If you’re a Shakespeare enthusiast, or ardent follower of global parking lot news, you’re aware that archaeologists recently discovered King Richard III’s earthly remains under a parking lot in Leicester. Presumably King Richard (or “Humpback Dicky,” as his friends called him) parked his car at a mall, couldn’t again locate it, and eventually got buried beneath the asphalt on location.

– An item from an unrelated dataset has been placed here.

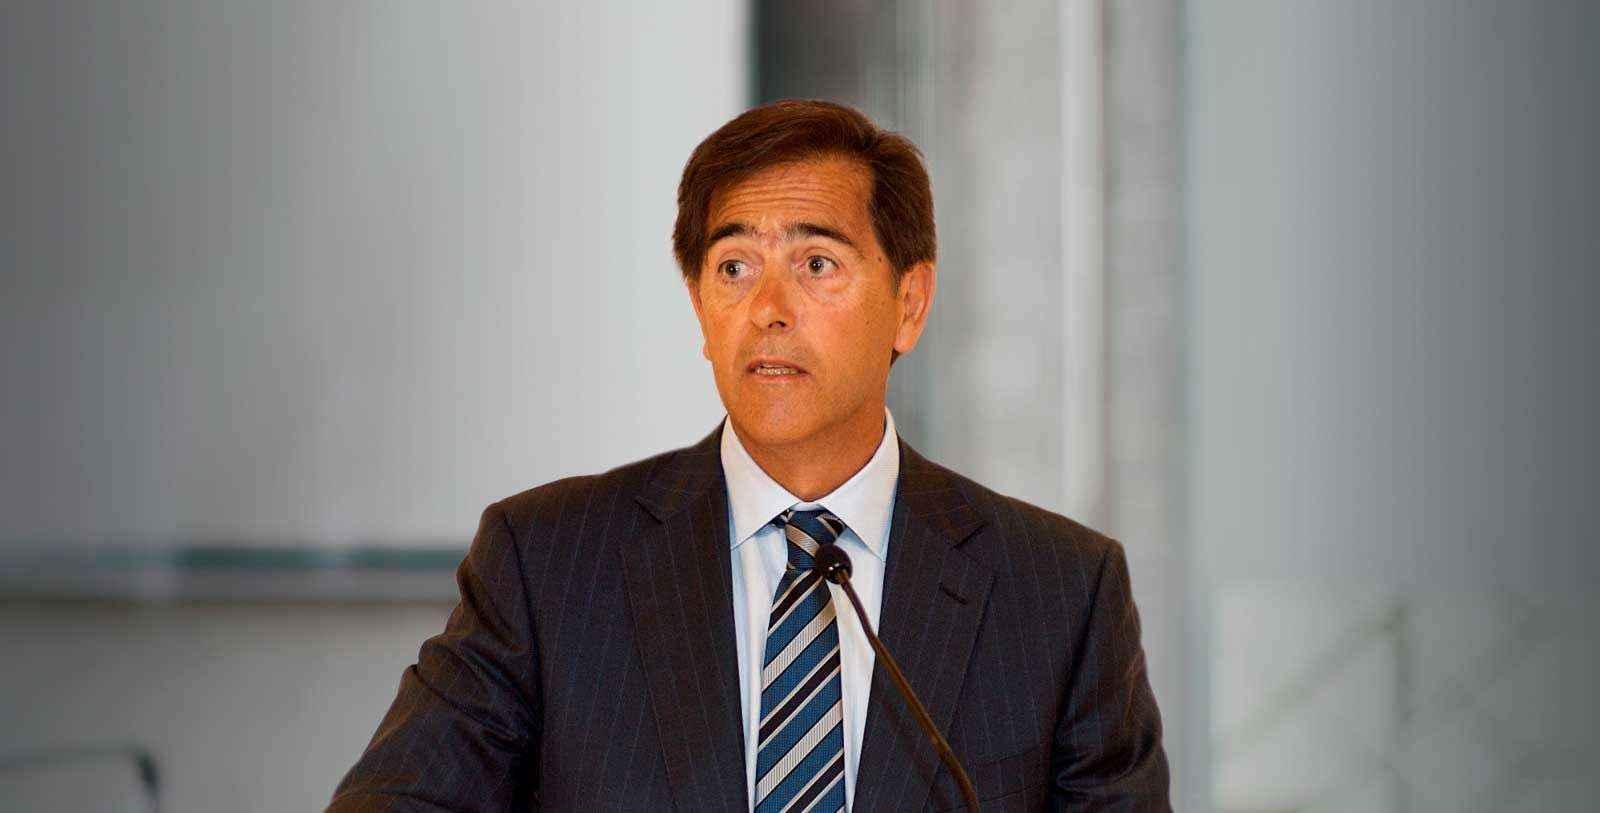 Eduardo Tormo participará como ponente en la FIF Chile 2020, Feria Internacional de Franquicias de Chile

This week, in celebration of the longest hide-and-seek game in British history, I’ll be detailing other interesting corpses. It may interest you to learn that King Richard III is not the first famous Briton to be buried beneath a parking lot. Edinburgh is the final resting place of John Knox, the founder of the Church of Scotland (what is the Presbyterian Church in America). The fiery preacher is buried under slot No. 23 in the parking lot behind St. Giles Cathedral. In his case, the Scots have known all along.
A brief bio on John Knox: born in Scotland, he moved to Europe for a few years to serve as an armed body guard for a Protestant muckraker down there. He later returned to Scotland where he more or less single-handedly converted Scotland from a nation of noisy violent Catholics to a nation of violent Protestants who quit drinking for six years.
If you visit St. Andrew’s, for instance, the Cathedral is a pile of ruins next to a golf course, because John Knox’s followers burned it down for being “too Catholic.” Among other things he also called Mary Queen of Scots “the whore of Babylon” to her face. He is so revered that when students at St. Andrew’s graduate, the ceremony includes tapping them on the head with a hat made out of John Knox’s breeches.
Before Knox died he said that he wanted to be buried within twenty feet of St. Giles, the national Cathedral of Scotland (the loose equivalent of Westminster Abbey–Sean Connery was knighted there).
Here it’s worth noting that old Britannic cemeteries tend to grow over the centuries. Particularly the Scots, who are by nature thrifty and efficient people. Whenever a plague came through, the Scots would unearth older coffins, and pile in dead bodies like firewood. When they ran out of coffins to buddy up with, they’d just put down layer after layer of corpses and a fresh foot of dirt. Then, when another plague came through, they’d slather on another stack of bodies and another blanket of dirt.
If you’ve ever noticed that most cemeteries in Britain are on hills, this is why–they didn’t start out on hills. Rather, they are literally mounds of hundreds and hundreds of corpses, so much so that the local topography has altered.
One small problem with this highly compact method of disposing of bodies is that, with a thick layer of dead bodies deposited every few years, you eventually reach a “corpse saturation point.” So when a big rain comes through (in Scotland, roughly every two to four hours) arms will start poking up out of the ground. Not only is this unhygienic, it is also distasteful and bad for tourism.
So in the case of the St. Gile’s cemetery, people started getting irritated with the amount of limbs popping up in between the national cathedral and then-parliament building. They relocated the bodies to other cemeteries nearby (sort of suburban graveyards), but, wishing to honor John Knox’s request, left his body behind. When they eventually paved over the former graveyard to put in a parking lot, they left a yellow square above his body to signify the location. When I lived in Scotland there was usually a blue van parked on top of John Knox, but if you bent over you could still see the marker.
I have since wondered: why didn’t they erect a statue, or placard, or animatronic John Knox to throw things at passing papists? My only explanation is that the Scots (again, a thrifty people) calculated that they would lose an entire car space worth of parking revenue annually, and so opted for the most cost effective option.